Action step: pick one primary track (e.g., structures, propulsion, manufacturing) and one adjacent track (e.g., test) to keep your narrative focused while staying flexible.

2) Learn the aerospace-specific “rules of the road”

Aerospace is less about “cool designs” and more about traceability, safety, and compliance. Hiring managers want engineers who can work inside regulated environments.

Key concepts to learn and reference in interviews:

·     Requirements and verification (how designs are proven, not just created)

·     Configuration management (controlled changes, baselines, revisions)

·     Reliability and safety (FMEA/FTA, design margins, fail-safe thinking)

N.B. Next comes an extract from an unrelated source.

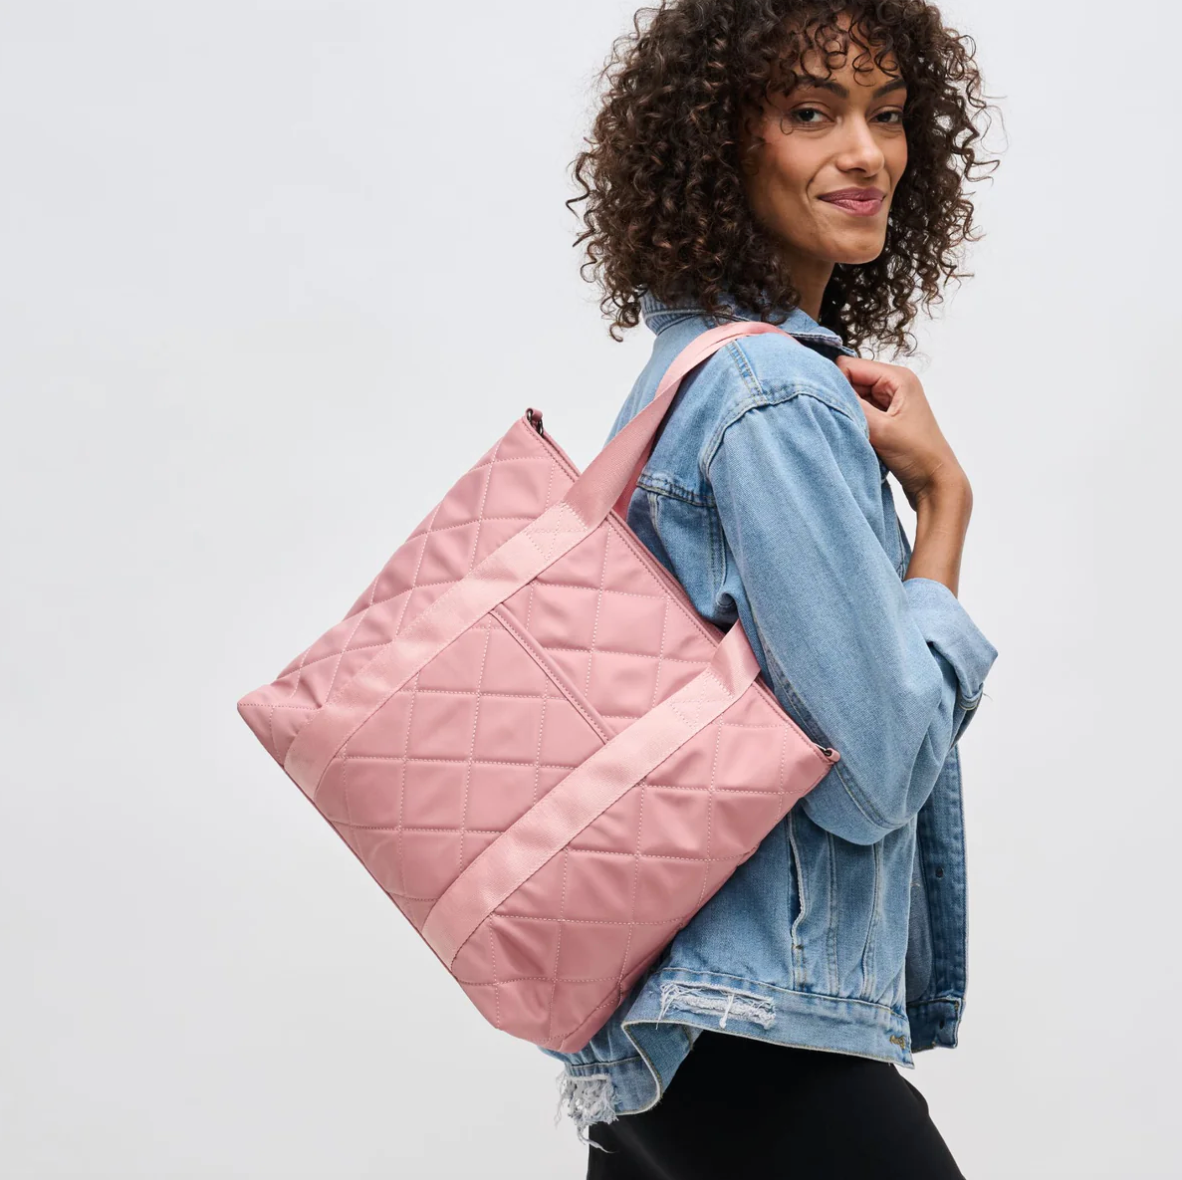 model carrying a pink carryall tote
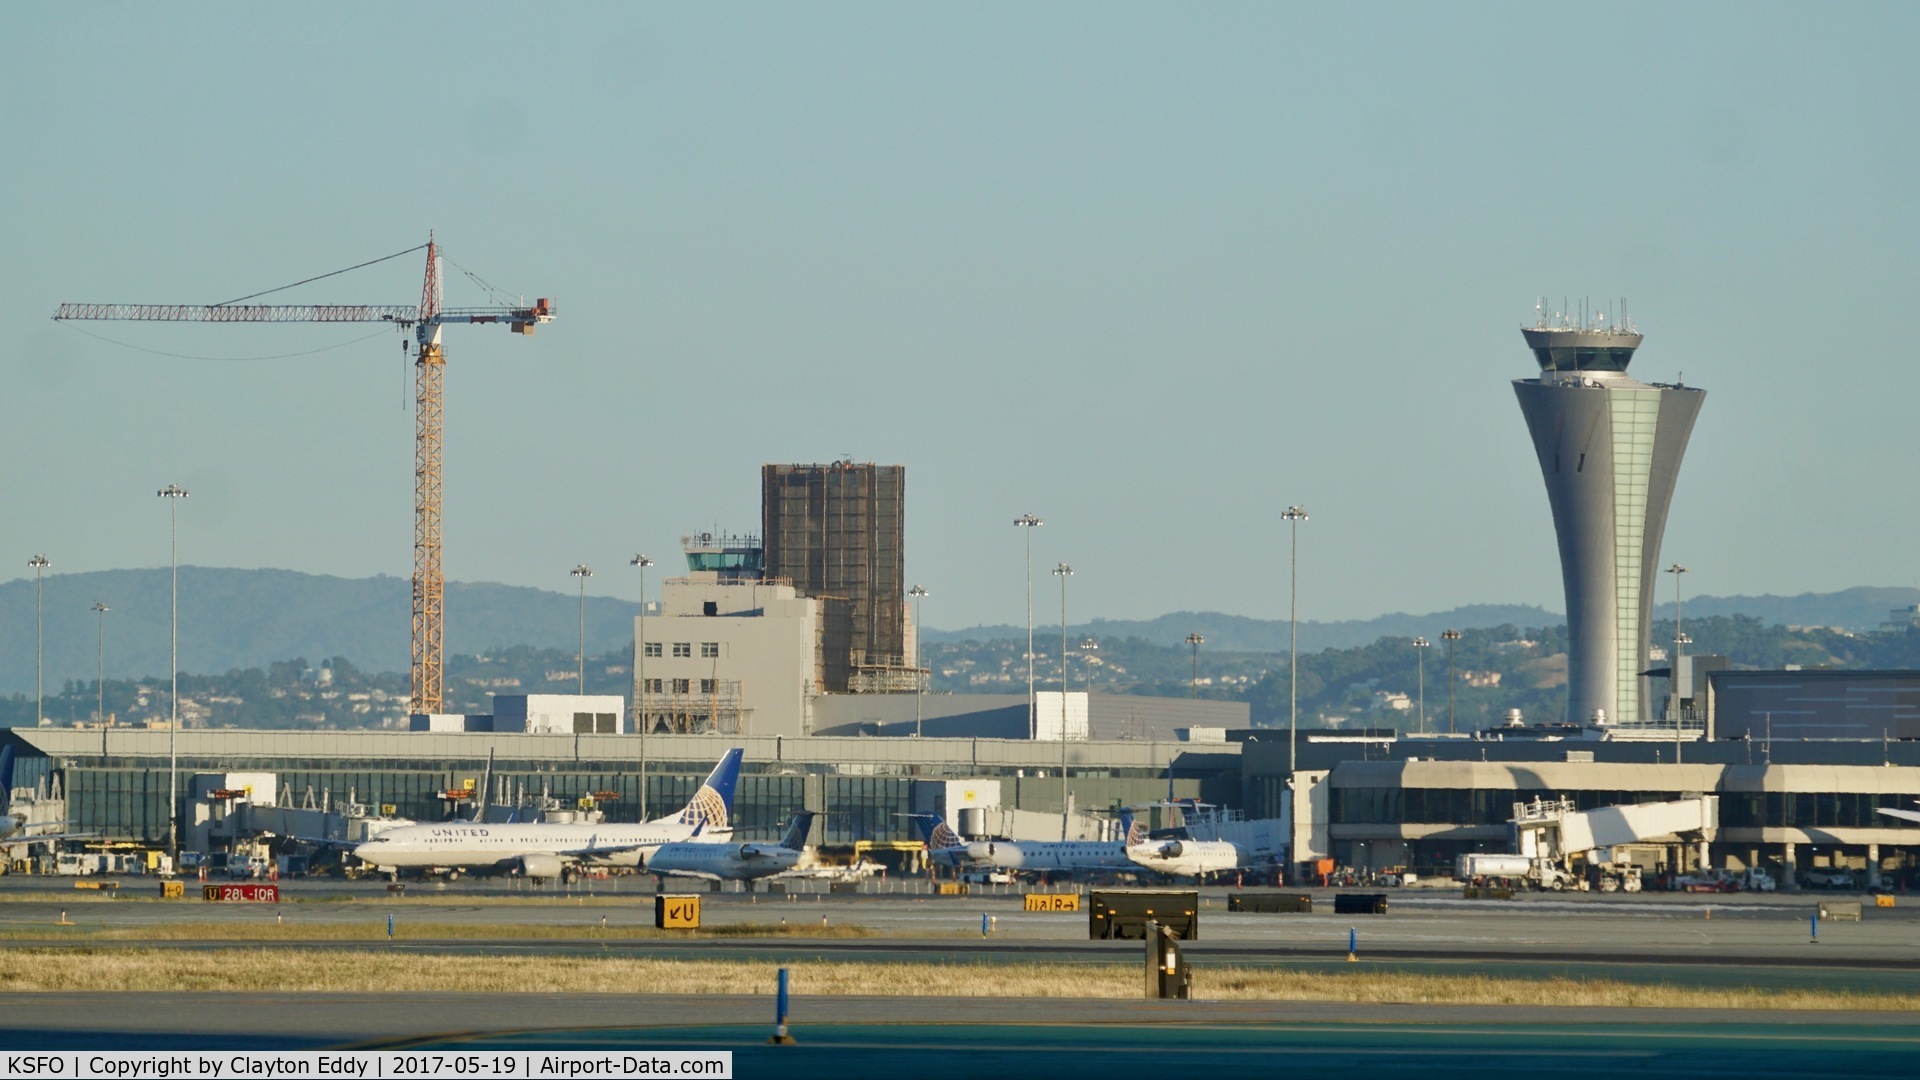 San Francisco International Airport (SFO) - Old towers being dismantled at San Francisco Airport. Tower on the left still has the old beacon.

·     Certification mindset (documentation, audits, test evidence)

Helpful starting points:

·     FAA overview of aircraft certification: https://www.faa.gov/aircraft/air_cert

·     EASA certification information: https://www.easa.europa.eu/en/domains/aircraft-products

3) Close the skill gaps that employers actually screen for

Most mechanical engineers already have the fundamentals. The fastest transitions come from adding aerospace-context proof to skills you already use.

Technical skills to prioritize

·     CAD + drawing standards: GD&T, tolerance stack-ups, release processes

·     FEA/structures: linear statics, buckling, fatigue basics; know when analysis is valid

·     Materials: aluminum alloys, titanium, superalloys, composites; corrosion and fatigue considerations

·     Manufacturing exposure: machining, sheet metal, additive, composites layup, NDT basics

·     Test engineering: instrumentation, data acquisition, test plans, report writing

Software commonly requested (varies by company)

·     CAD: CATIA / NX / SolidWorks

·     Analysis: ANSYS / Abaqus / Nastran

·     Data: MATLAB / Python

·     PLM: Teamcenter / Windchill

You do not need every tool. You need a credible story that you can learn quickly and have already applied similar methods.

4) Build a portfolio that looks like aerospace work

Aerospace hiring is evidence-driven. A portfolio helps you stand out even if your prior industry was automotive, industrial, energy, or consumer products.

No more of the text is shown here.